There’s no doubt that loving an addict is hard. It’s natural for you to want your loved ones to succeed rather than suffer.

While reaching out to help a loved one in need is certainly not a bad thing, there’s a fine line between helping and enabling, especially when it comes to addiction. Those who enable have good intentions, but they’re actually contributing to the problem rather than solving it.

Here are 7 ways to tell if you’re helping or enabling someone suffering from an addiction.

1. Making Excuses for the Addict

Making excuses for someone with an addiction to drugs or alcohol denies the reality of the problem. A sure sign of enabling is denial or avoidance. If you’re an enabler, you choose not to confront the addict because you fear conflict. Instead, you may find yourself making excuses for the addict’s behavior and convincing yourself that the problem will just go away on its own.

You may say things like, “He’s just going through a phase.” This doesn’t help the person in question—it allows the problem to persist. To truly help, it’s important to confront them, in a respectful and loving way, about their behavior.

2. Giving Them Money

As an enabler, you probably give your loved one money that they will ultimately end up using to buy drugs. You might even pay their bills, buy groceries, or otherwise enable them financially. While it can be hard to see a loved one’s electricity get shut off because he or she spent the money on drugs, paying the bill is enabling and diminishes the ramifications of the person’s actions.

Rather than pay an addict’s bills or give cash that ends up being traded for drugs, offer your money for drug and alcohol rehab instead.

3. Taking Over Their Responsibilities

Taking over the responsibilities that your loved one has neglected due to addiction is a sign of enabling. Some examples include cleaning the house, picking children up from school, or otherwise handling their affairs.

4. Telling Lies to Cover Up Their Behavior

Lying to cover up an addict’s behavior is another sign of enabling. They need to be held responsible for their actions. Covering up mistakes and wrong-doings enables them to continue to make the same poor choices. Accountability is far more helpful in the long run.

5. Bailing Them Out of Sticky Situations

Helping someone out of a predicament caused by drug use only enables them to continue making poor decisions. Whether it’s bailing them out of jail, buying personal items back from the pawn shop, or lying to employers and loved ones, bailing them out takes away the negative consequences of addiction.
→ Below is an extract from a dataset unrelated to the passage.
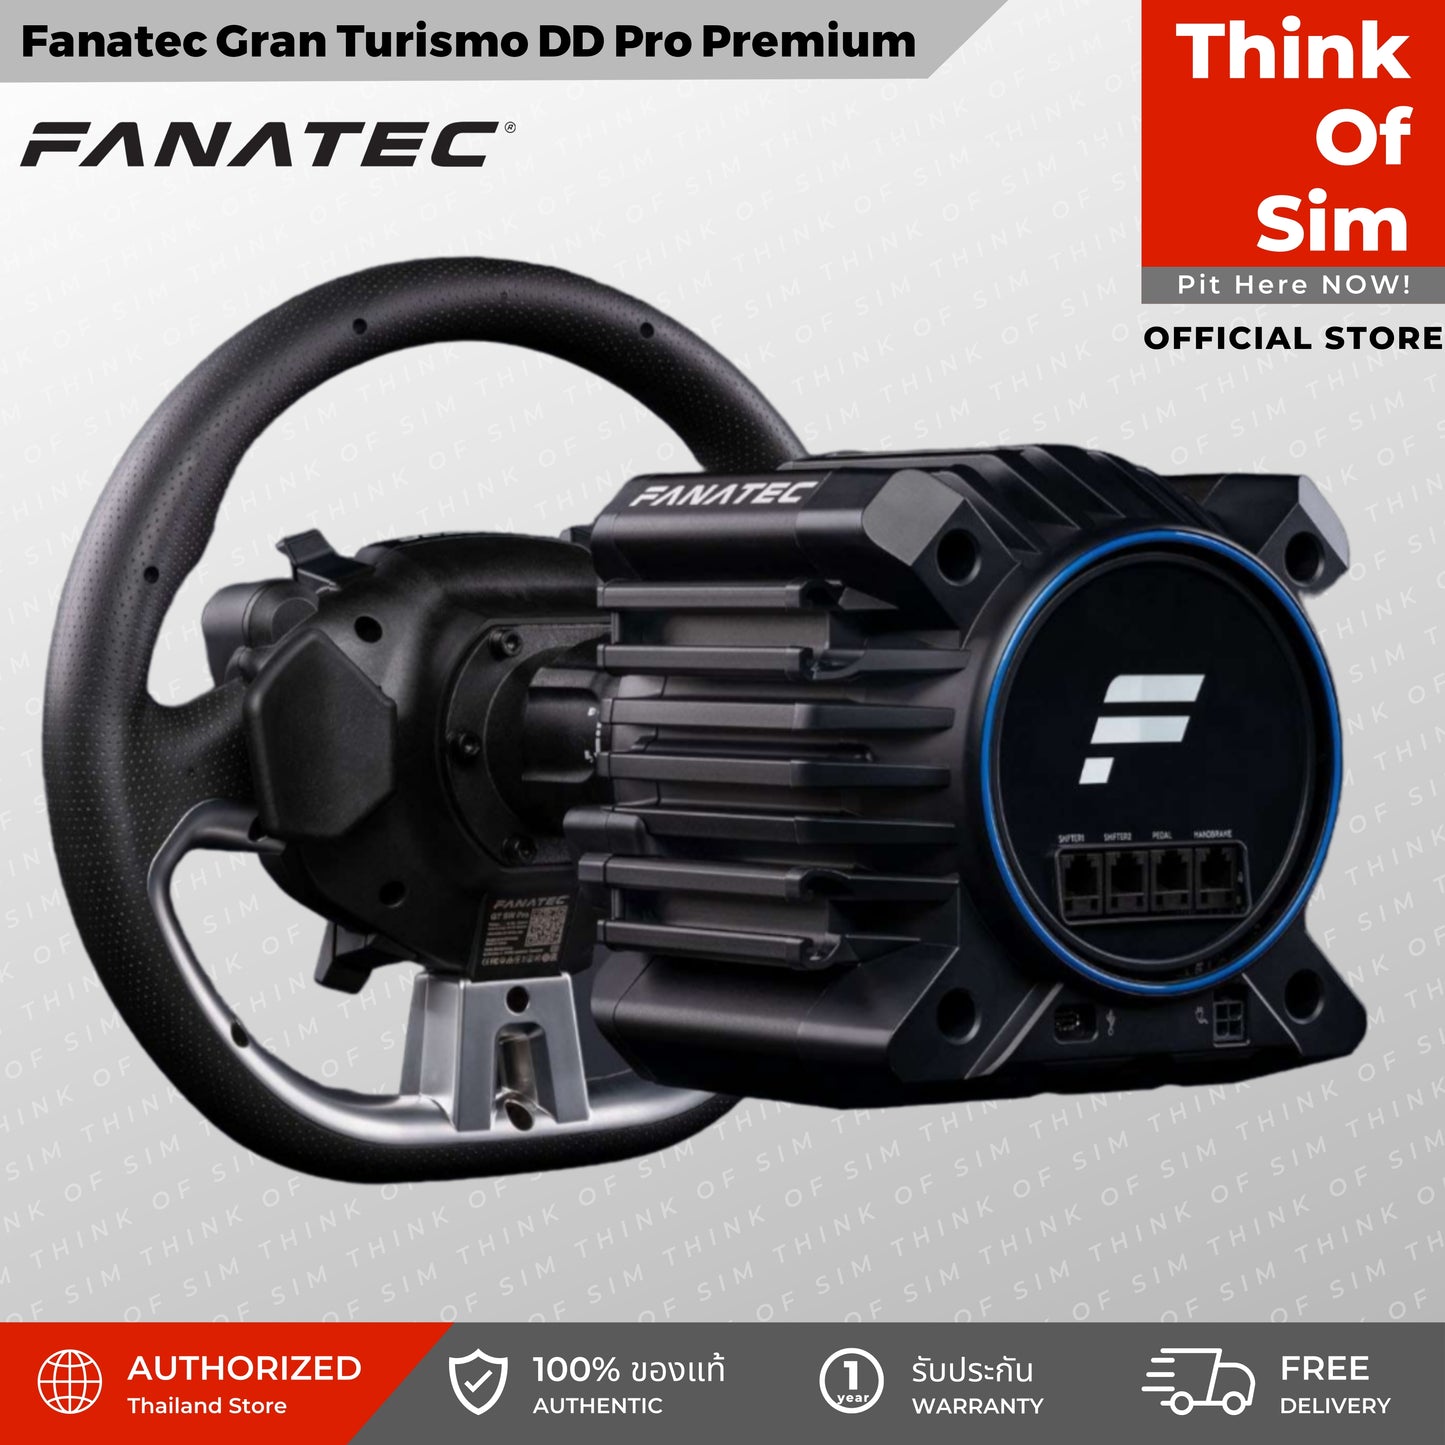 Fanatec Gran Turismo DD Pro Premium Bundle (8Nm) Complete

While it can be difficult to see a loved one sit in jail or get fired from a job, letting them suffer the repercussions is more likely to prompt them to seek addiction treatment.

6. Codependent Behavior

Codependent behavior is almost always present to some degree in an enabler. You may get personal gratification from helping the addict. For example, you may feel that you’re doing a good deed or feel a sense of pride from making a sacrifice, or you might feel a sense of control out of the situation or enjoy the feeling of being needed.

If you find yourself enabling your loved one, you can attend 12-Step support groups such as Al-Anon or Nar-Anon to address your codependency and learn how to provide support without enabling them.

7. Putting Their Needs Before Your Own

If you’re helping an addict appropriately, you will set clear boundaries and remain assertive. It’s possible to be supportive without neglecting your own needs. Helping someone should never be a threat to your own well-being, so make sure you’re taking care of yourself first.

It’s important to stop and ask yourself whether your actions are helping or harming. Helping empowers an addict to take responsibility rather than creating dependency. No one can force them to change. In the end, the desire to change must come from within.

When someone suffering from an addiction is enabled, he or she is less likely to want to change because the harsh reality of poor choices is softened. Allowing them to suffer the consequences of addiction can help show how life would improve without drugs.

How to Find Help for Drug or Alcohol Misuse

If you or a loved one is struggling with drug or alcohol misuse, help is available and recovery is possible. To learn about rehab programs and treatment options, contact a caring admissions navigator with American Addiction Centers (AAC) for free at .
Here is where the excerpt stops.